Belgian and French Children ill-treated, wounded and killed

We have already told the story of the ill-treatment to which six to eight thousand people, who were packed together standing in the riding-school and had to pass the night there, were exposed at Louvain. A number of children were included in these. Several endured great hardships, and the youngest died in their mothers’ arms. At Dinant, in the slaughter which took place, several children were massacred.

In other cases we see that children were exposed to exceptional acts of violence. “On the way back from Tirlemont,” writes the special correspondent of the Times (29th August, 1914), “I met a little girl of eleven years old, who was stumbling and groping before her as if blind. A stroke of a lance had laid open her cheek and her eye.

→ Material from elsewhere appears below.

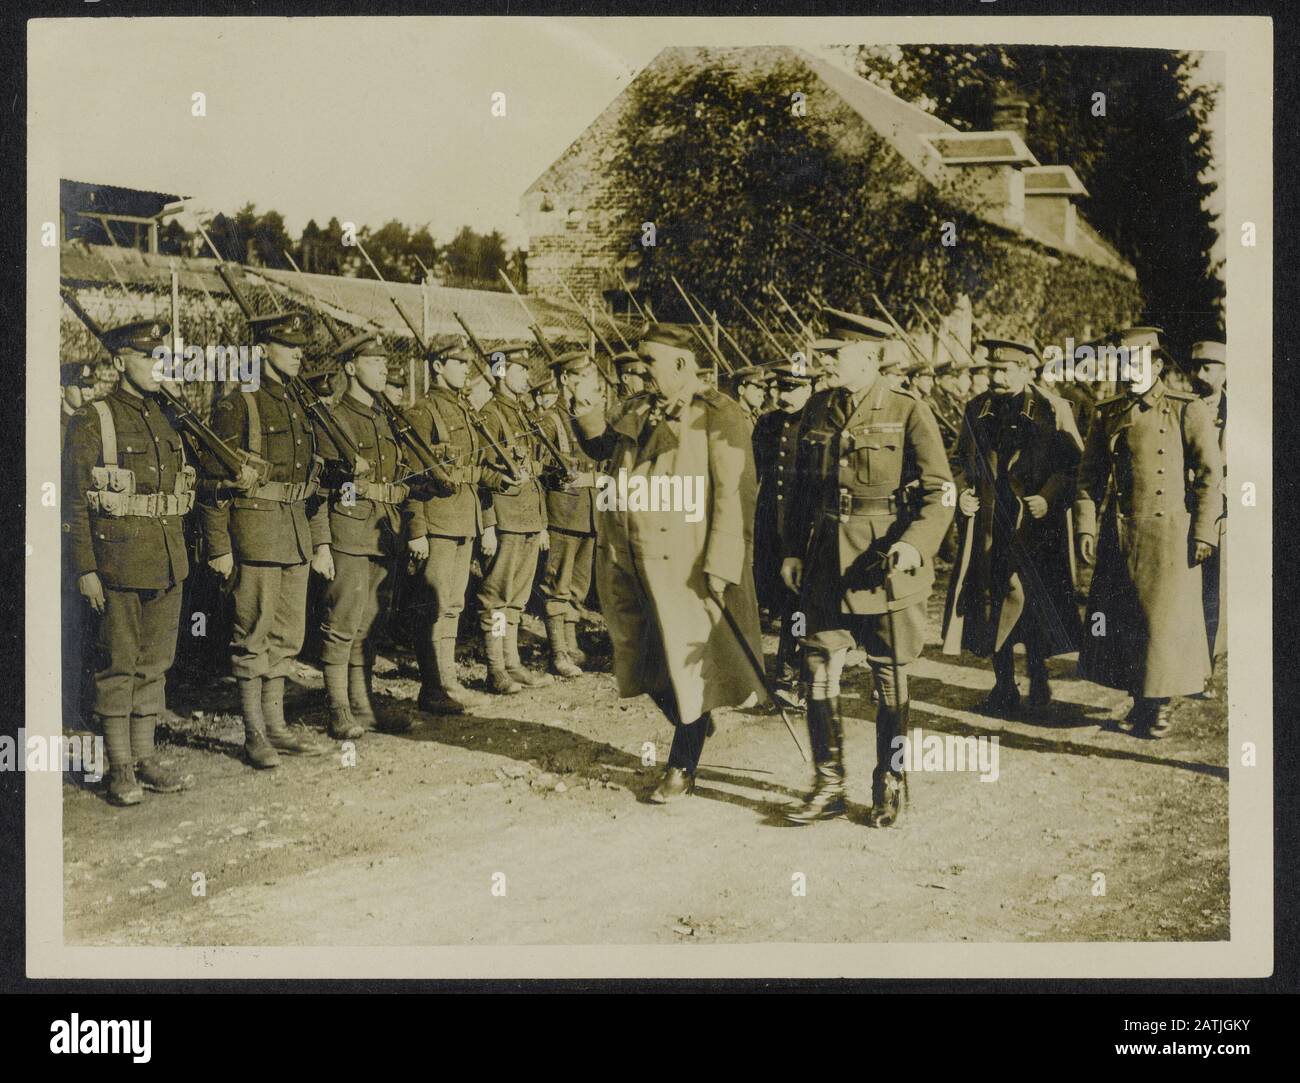 The Western Front Description: King of Montenegro and the Commander-in-Chief inspecting the Guard of Honor Annotation: The Western Front. King Nicholas I of Montenegro [1841-1921] and the British Army Commander, Sir Douglas Haig, inspect Eregarde Date: {1914-1918} Location: France Keywords: WWI, eregardes fronts, army chiefs, dynasties Person Name: Haig, Douglas, Nicholas I, king of Montenegro Stock Photo

A poor peasant woman, her face wet with tears, told me that her husband had been killed in her presence by German horsemen, that two of her children, who were under nine years of age, had been trampled by their horses and that two others were missing. And this” (concluded the English journalist) “is not an isolated case; it is an example of what happens day by day in the areas occupied by the German soldiers, and, I regret to say, it is only an example among hundreds which have been attested beyond any possibility of doubt.”

Instances abound, and the following are a selection. At Louguyon, out of 153 people who were shot on the 23rd, 24th and 25th August by soldiers of the 102nd and 112th Prussian regiments, there were twelve children.

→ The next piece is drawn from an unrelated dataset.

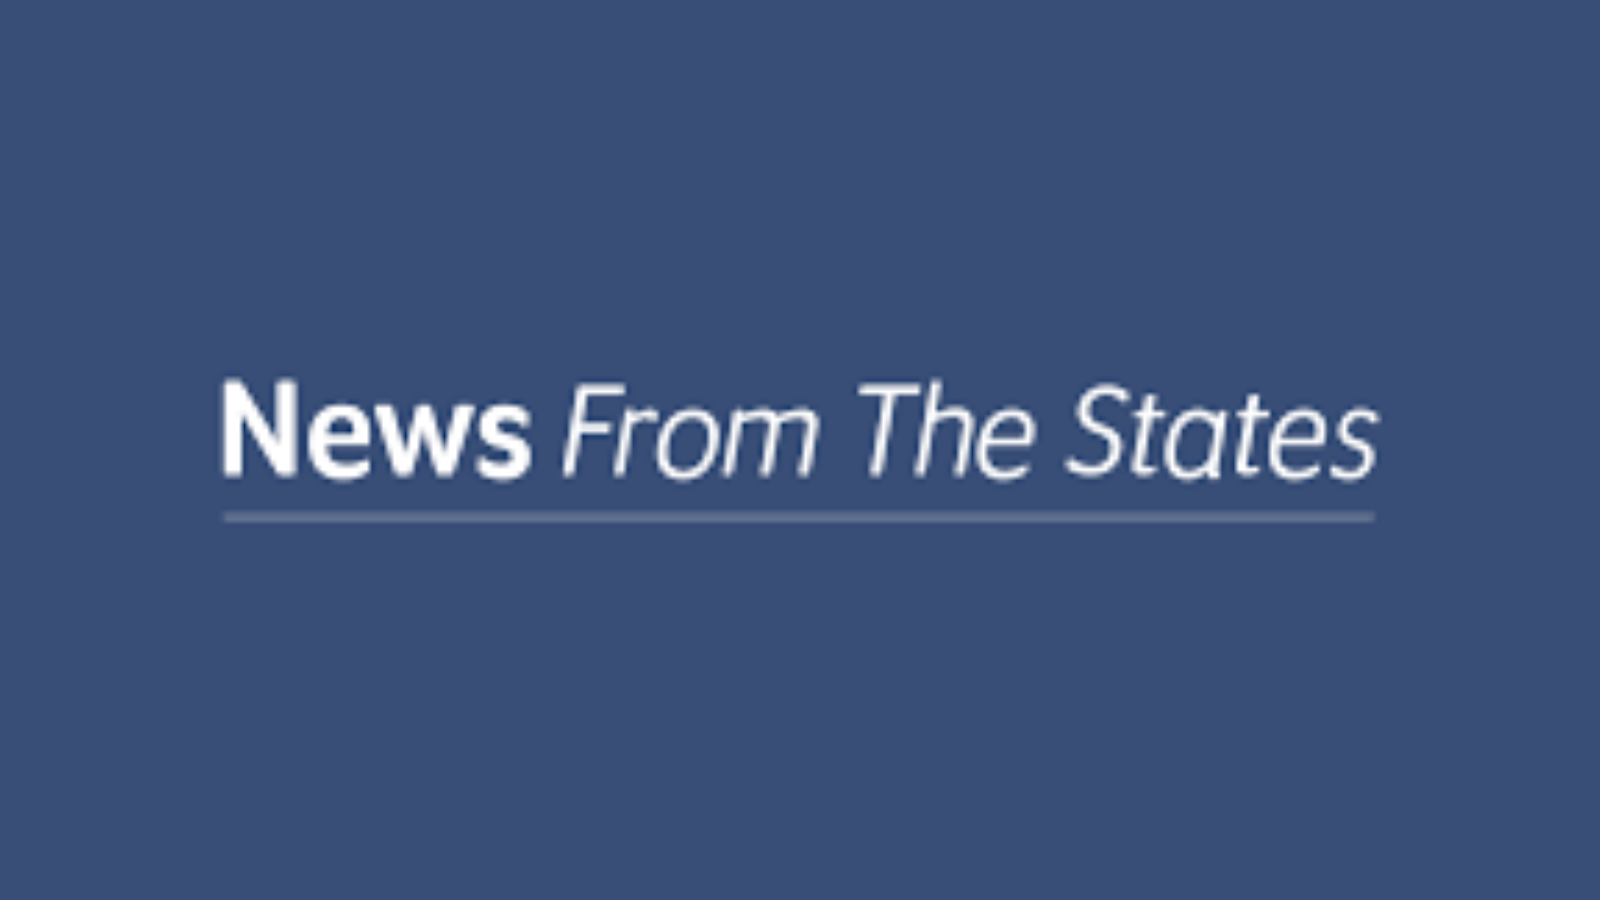 News from the states logo

At Bantheville (Meuse), young Felix Miquel, aged about fifteen years, who had hidden behind a heap of wood so that he might not be arrested, got a violent sabre thrust from the soldier who discovered him, which split his lips; afterwards, as he was being led away, when he tried to hide in a wood, he stumbled against a sentinel, who with a bayonet stroke cut off a joint of his left hand.

At Mouchy Humières (Oise) a little four-year-old girl, who belonged to a family living in Verdun, was wounded on the 31st August by a German soldier. On the way from Bouligny to Mourière (Meuse) a child of fifteen years was shot in the groin as she was passing quietly by a wood in which a German patrol was concealed.

At Spontin, near Dinant, fearful reprisals were carried out because a poacher had killed a Prussian officer, and children of all ages were shot or butchered with their mothers.

In the outskirts of Malines many corpses of children were found on the spot where the Germans had left them unburied. At Morfontaine, near Longwy, two children of fifteen were shot for having warned the French gendarmes of the arrival of the enemy. At Gerbeviller a young girl named Parmentier, who was barely seven years old, was also shot. At Dinant, too, several children met with the same fate. At Aerschot the burgomaster’s two children were shot; the murder of the little girls Luychx and Ooyen, aged twelve and nine years, both of whom were shot, was also confirmed. Pierre Nothomb quotes the case of two little children two years old, named Neef and Deekers, who were massacred at Testelt. Sometimes the despicable torturers added obscenity to cruelty. At Bertrex a grown-up brother and sister were killed and, when the penalty was paid, their bodies were put naked, clasping each other as if they had been embracing.